> [Task goal] Everything from the line with "Student Holding a" to the last line of the listing must be retyped exactly, both ends included, with the pictures dropped.

> [Given information]
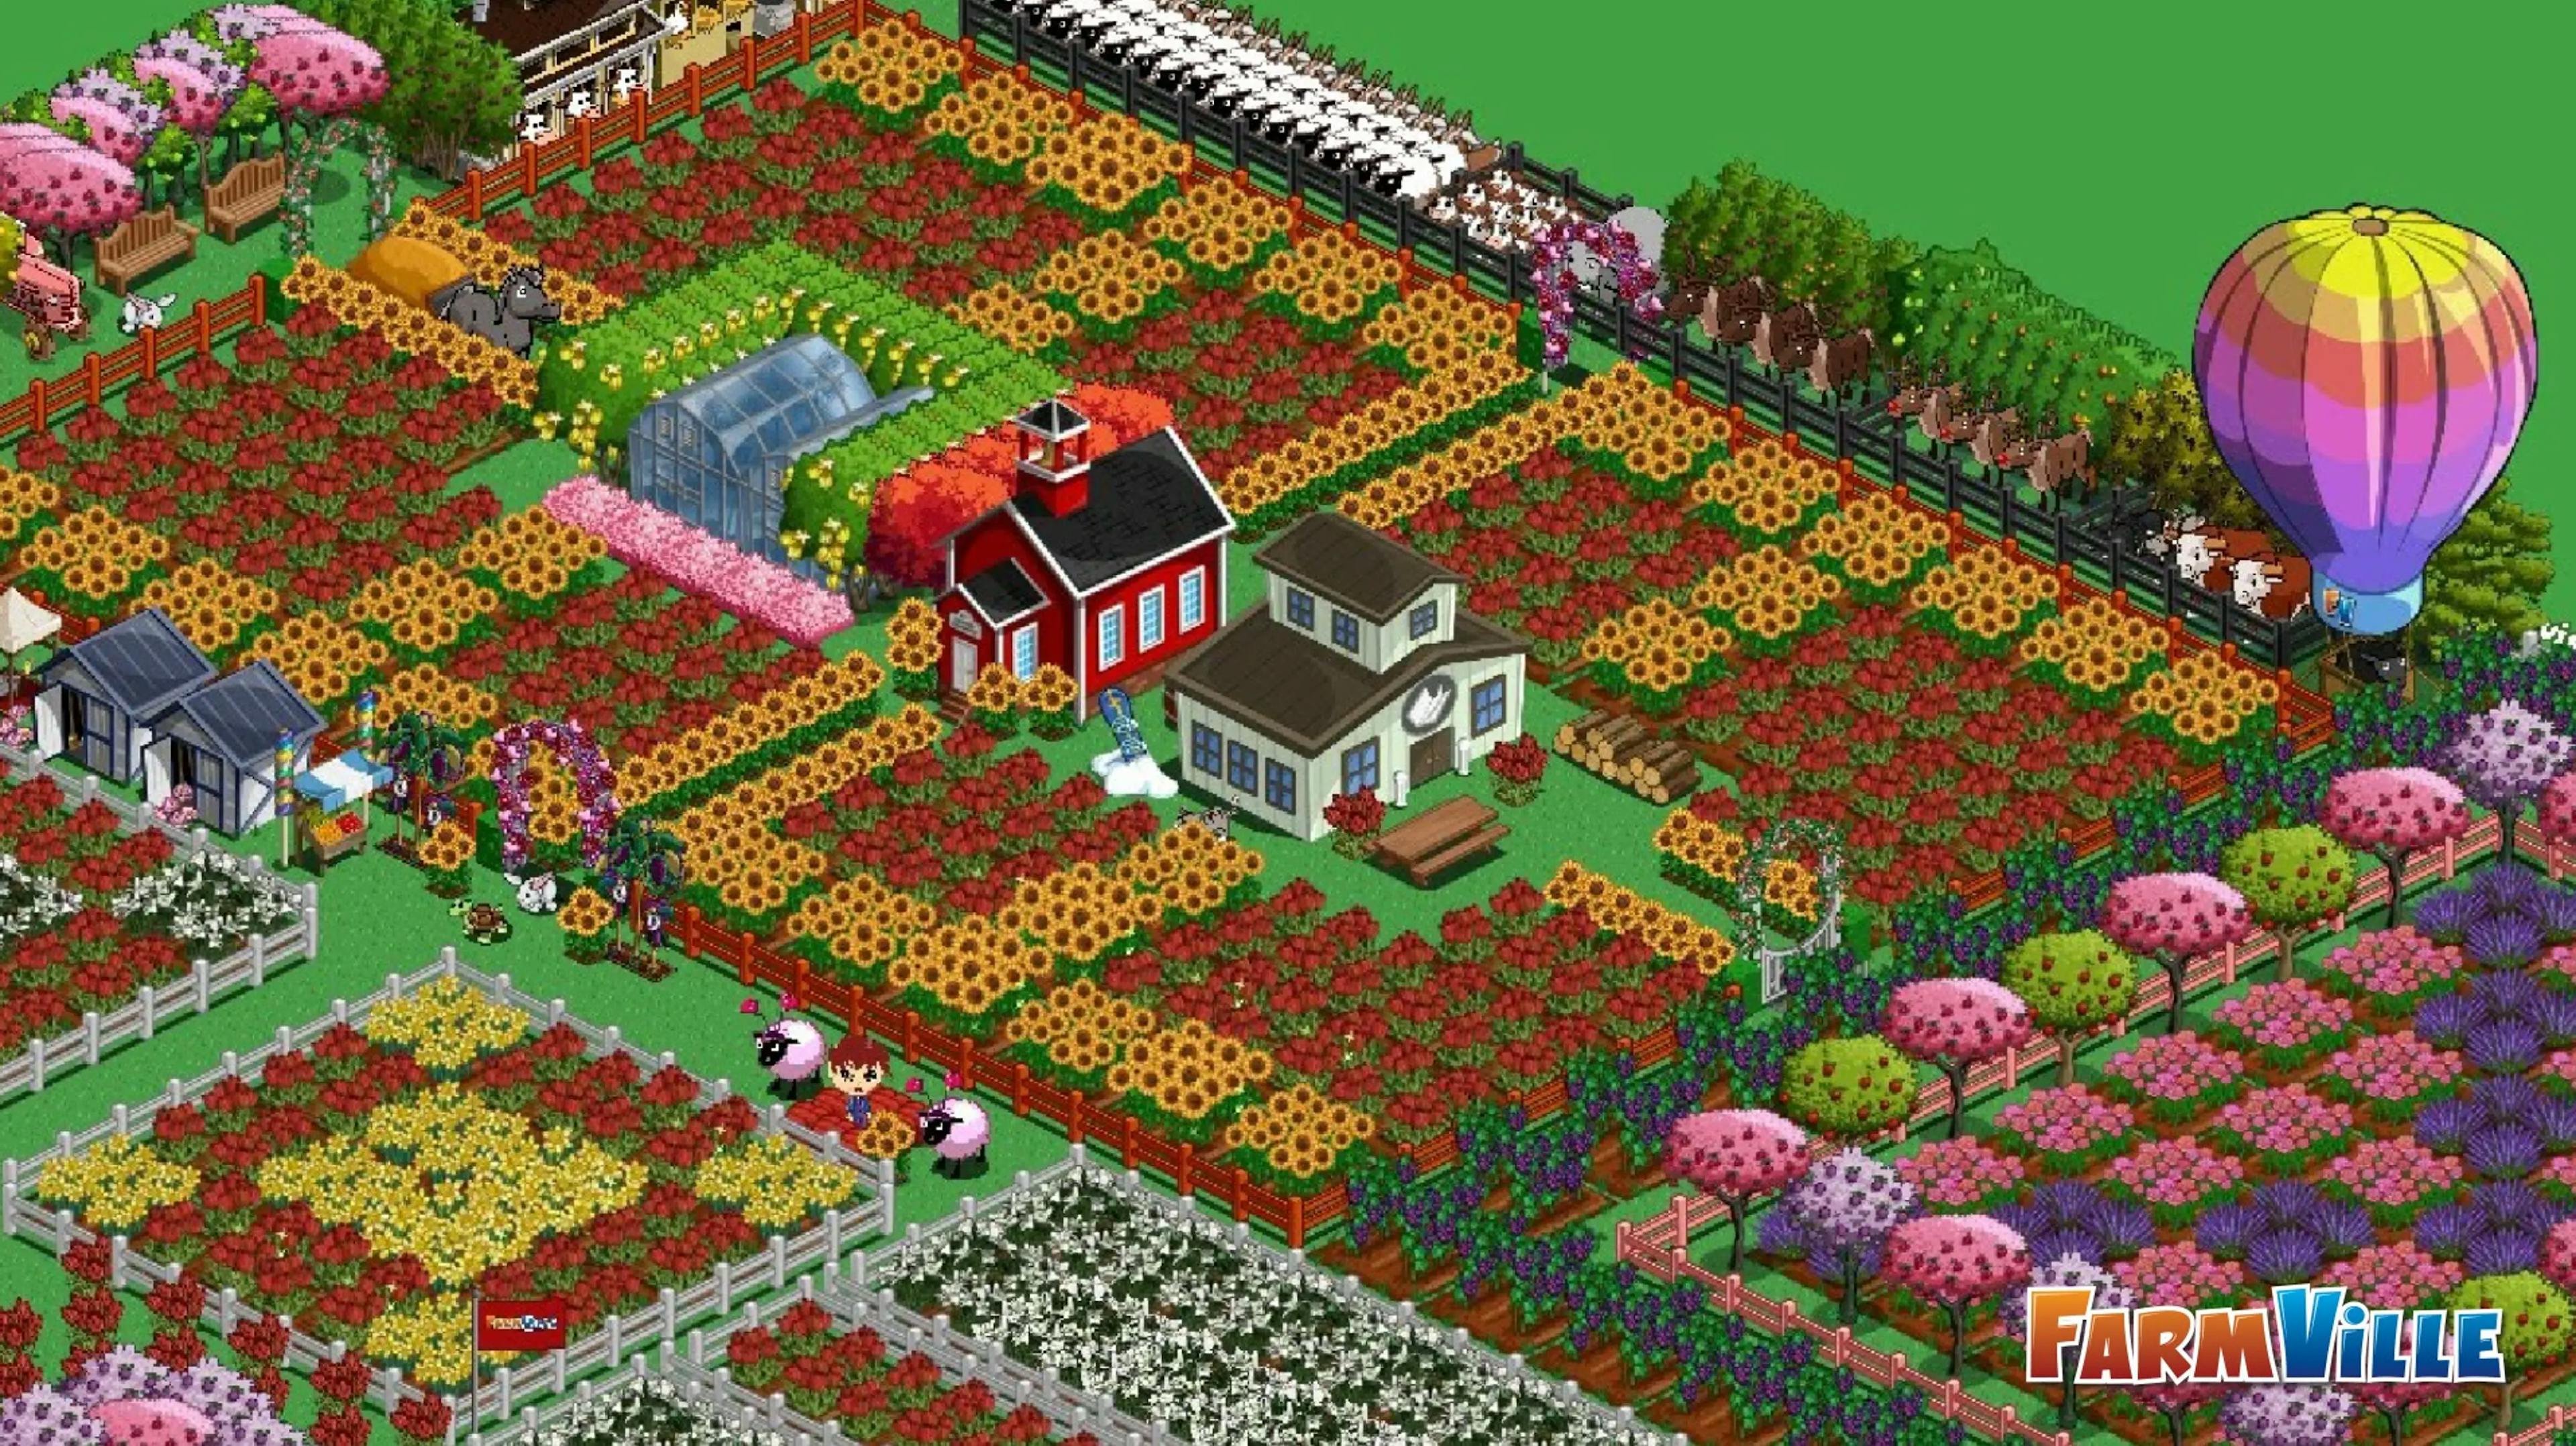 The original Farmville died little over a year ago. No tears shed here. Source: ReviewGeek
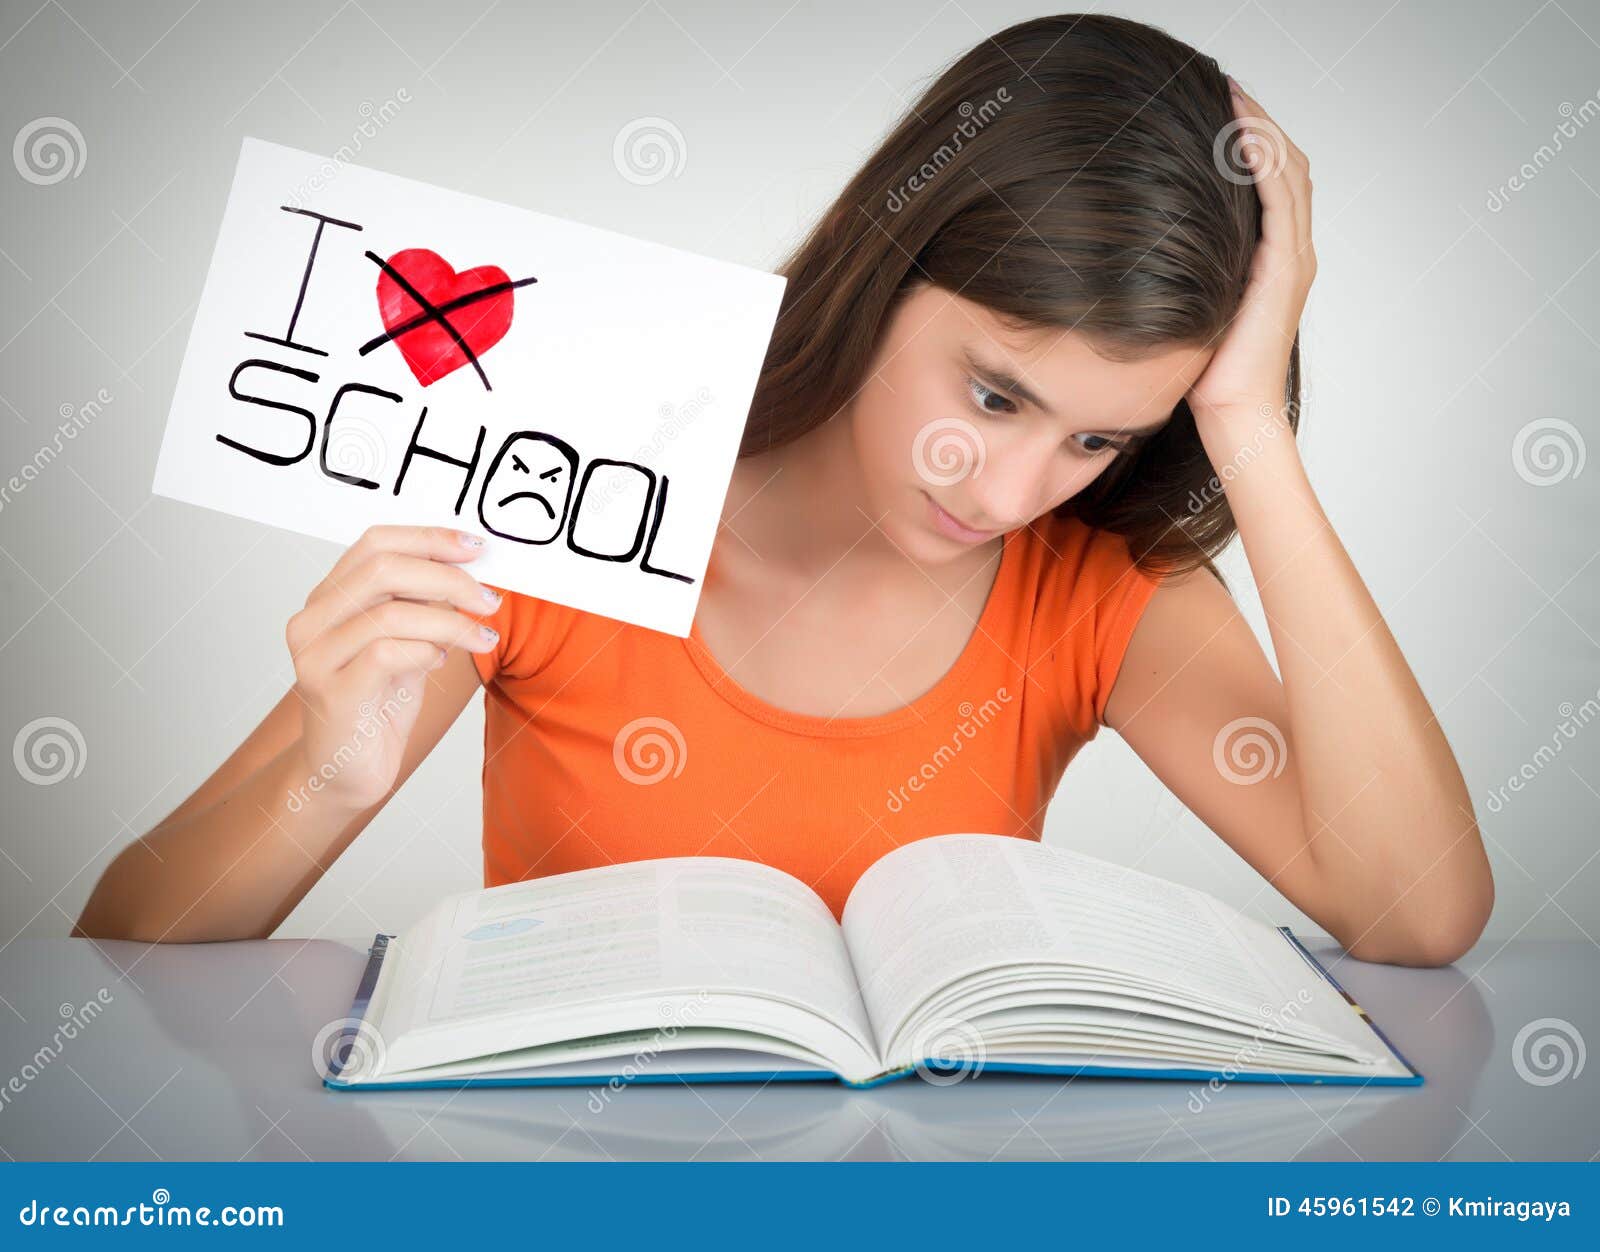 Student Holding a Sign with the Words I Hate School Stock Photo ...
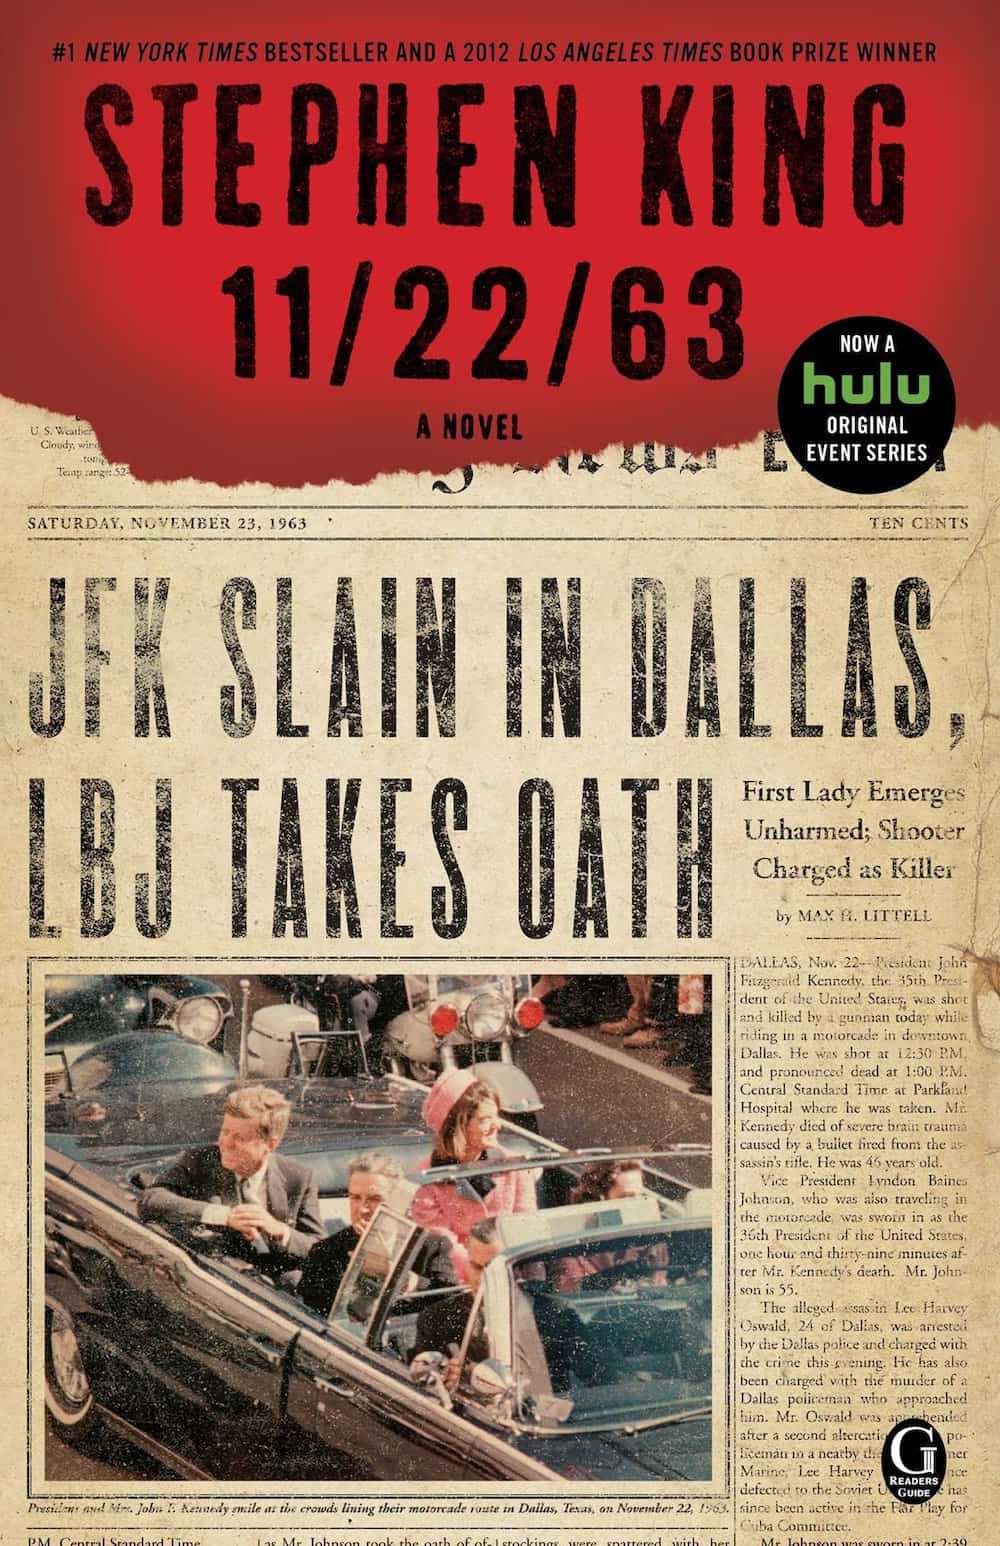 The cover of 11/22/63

> [Exercise result]
 Student Holding a Sign with the Words I Hate School Stock Photo ...
 The cover of 11/22/63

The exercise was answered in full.